Run through an entire pretend play date from start to finish. Act out a few of the challenges that might arise. For instance, if your child wants to build with blocks, you might insist on playing outdoors instead. Take occasional breaks to model the right behavior. Say things like, “Okay, I’m going to be Mom for a minute now. I saw you were getting really angry when Taylor didn’t want to do art. Maybe if that happened you could agree to play outside for 10 minutes, then come inside and paint?”
Prep the Other Parents
Depending on how well you know the other child and her family, you may need to talk to the other parents about your child’s challenges first. For instance, you might let them know that your child sometimes hides when other kids come over or that she yells when she gets angry, so they can prepare their child for this possibility. Assure them that you’ll always be close by to supervise.
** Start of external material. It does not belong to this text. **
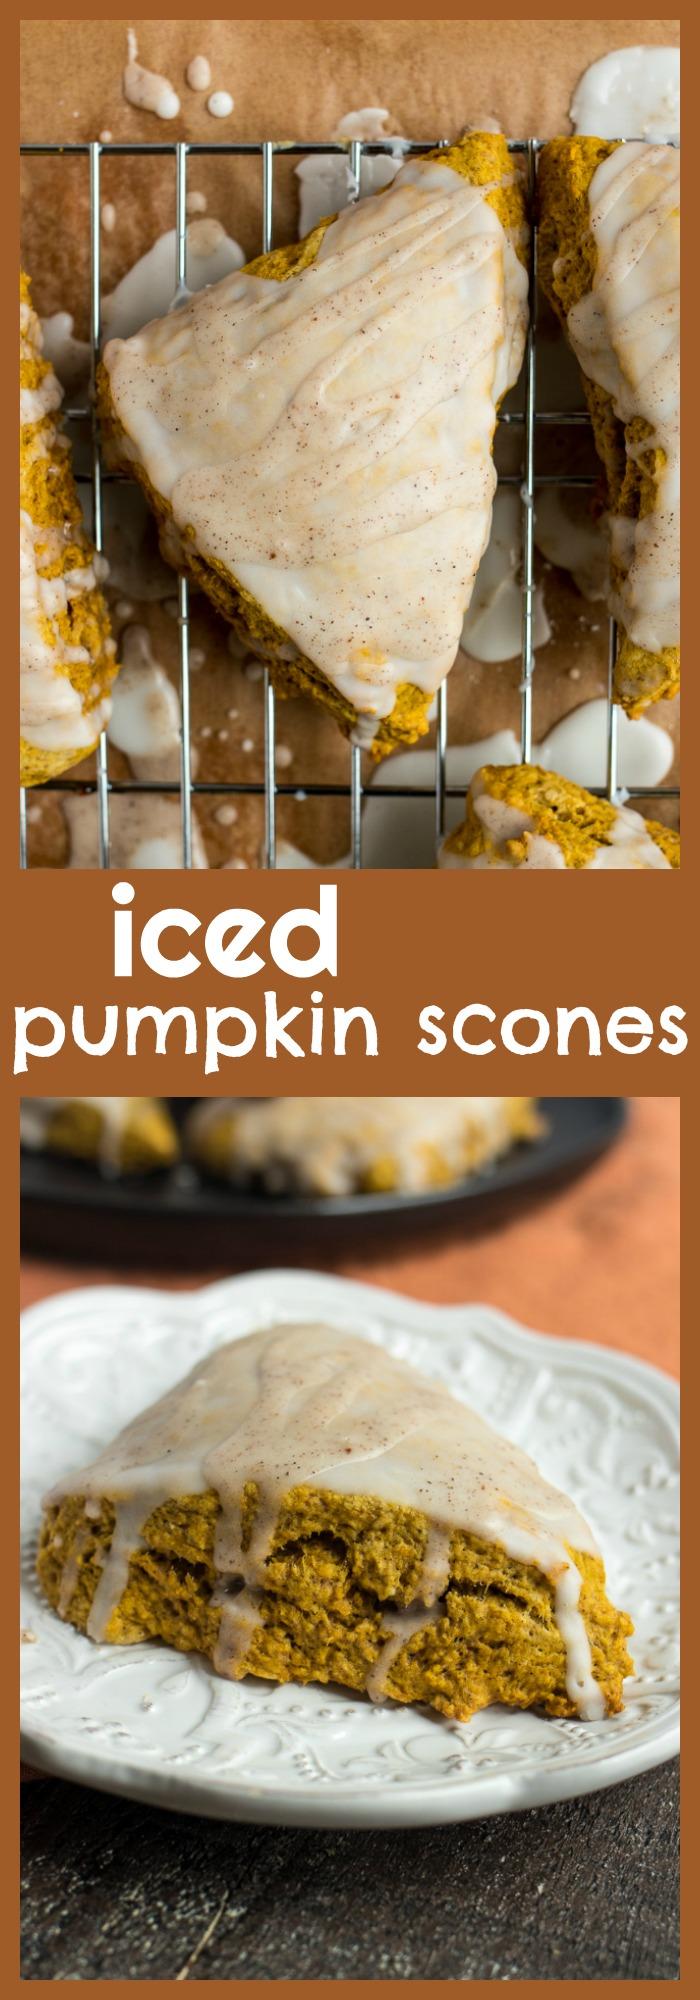 Iced Pumpkin Scones photo collage

Organize Flexible Activities
You know better than anyone that kids with higher needs can be unpredictable. Make a plan B (and plan C and D) in case your play date plan A doesn’t work. Prepare a variety of activities that your child will enjoy so you can pivot to something new at any moment. Be ready to pull out solo activities, like coloring books and other art projects, that the kids can do separately for a while if cooperating is a challenge.
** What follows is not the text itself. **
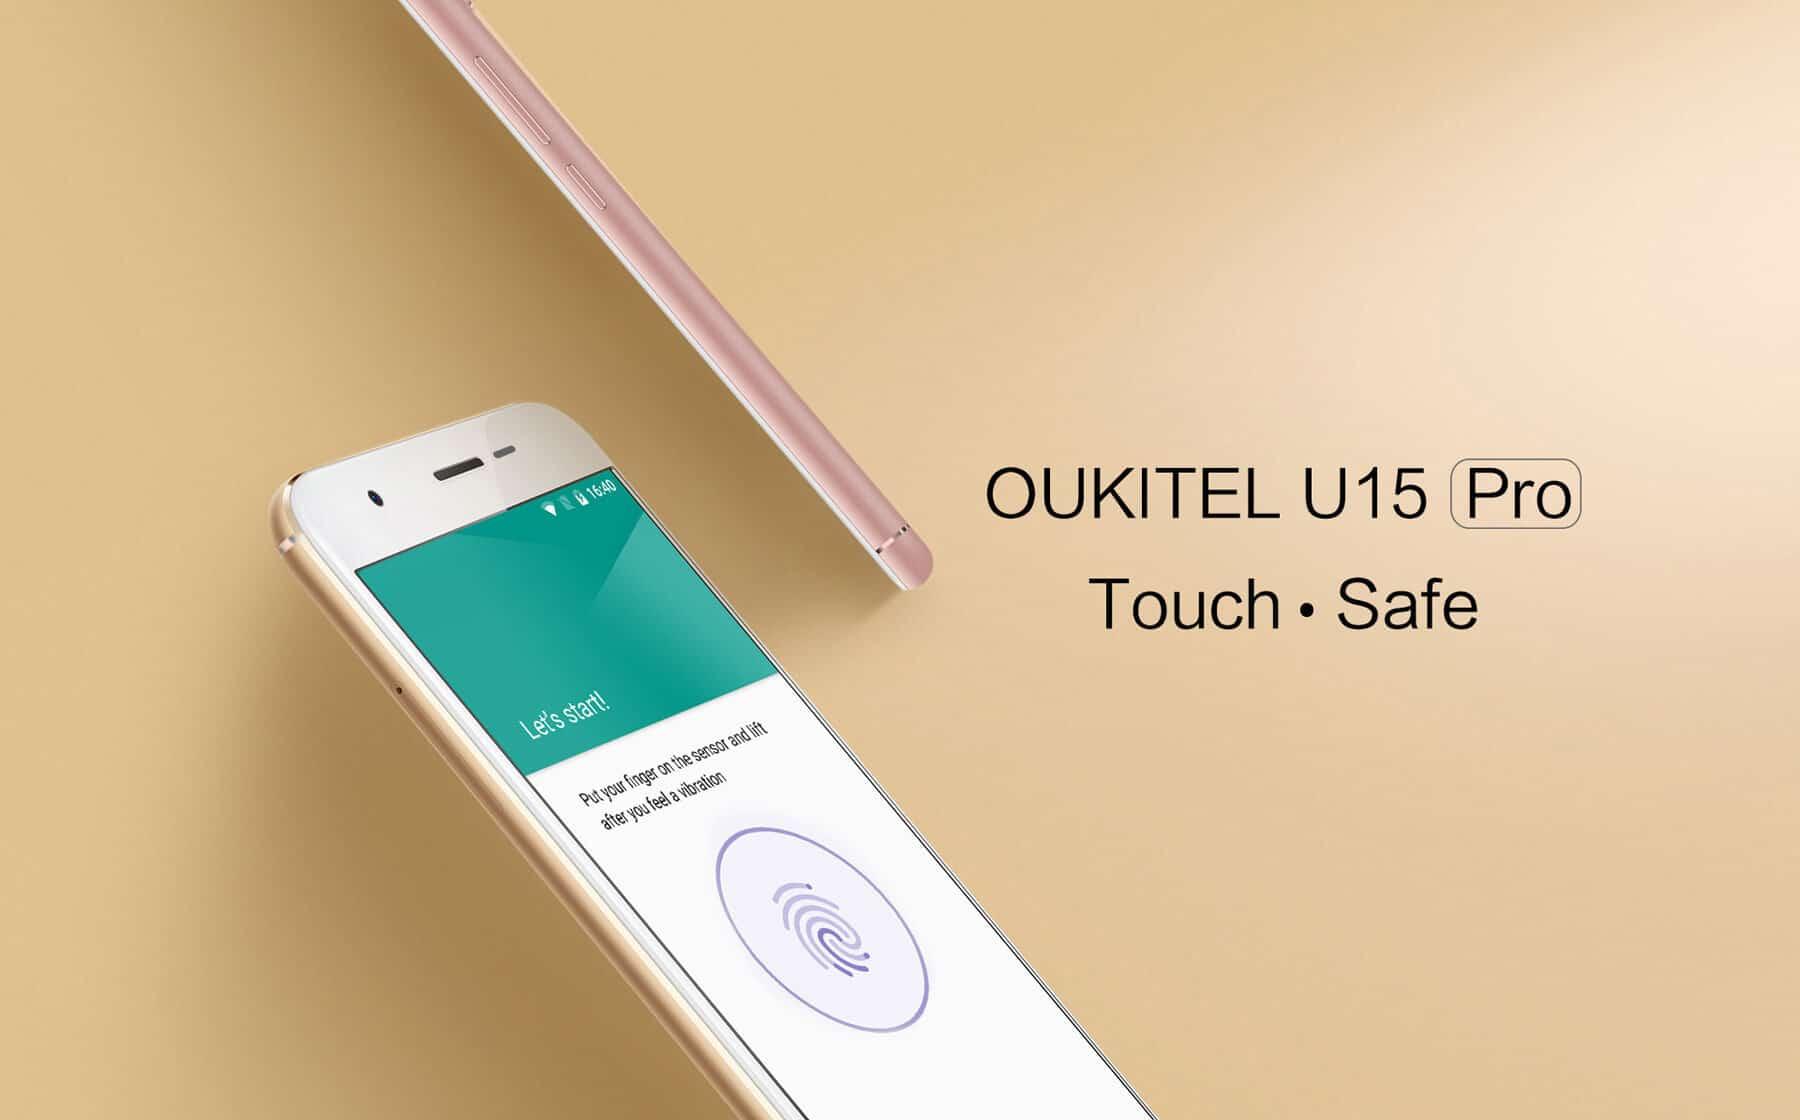 Oukitel U15 Pro 4G Phablet flash sale

Supervise (But Don’t Lurk)
For your child, an important part of having a friend come over for a play date is learning to navigate social challenges independently. It does him no favors if you come sweeping in to settle every disagreement — but you should be able to reach the kids within seconds if anyone gets physically aggressive. Position yourself nearby, and if you notice the signs that your child is getting overwhelmed or angry, pull him aside for a five-minute calming break.
Celebrate the Wins
After the play date, celebrate everything that went well. Tell your child what she did that made you proud, and ask what she thought about how it went. Even if was rough, share a special treat as a way to acknowledge that your child tried something new and difficult.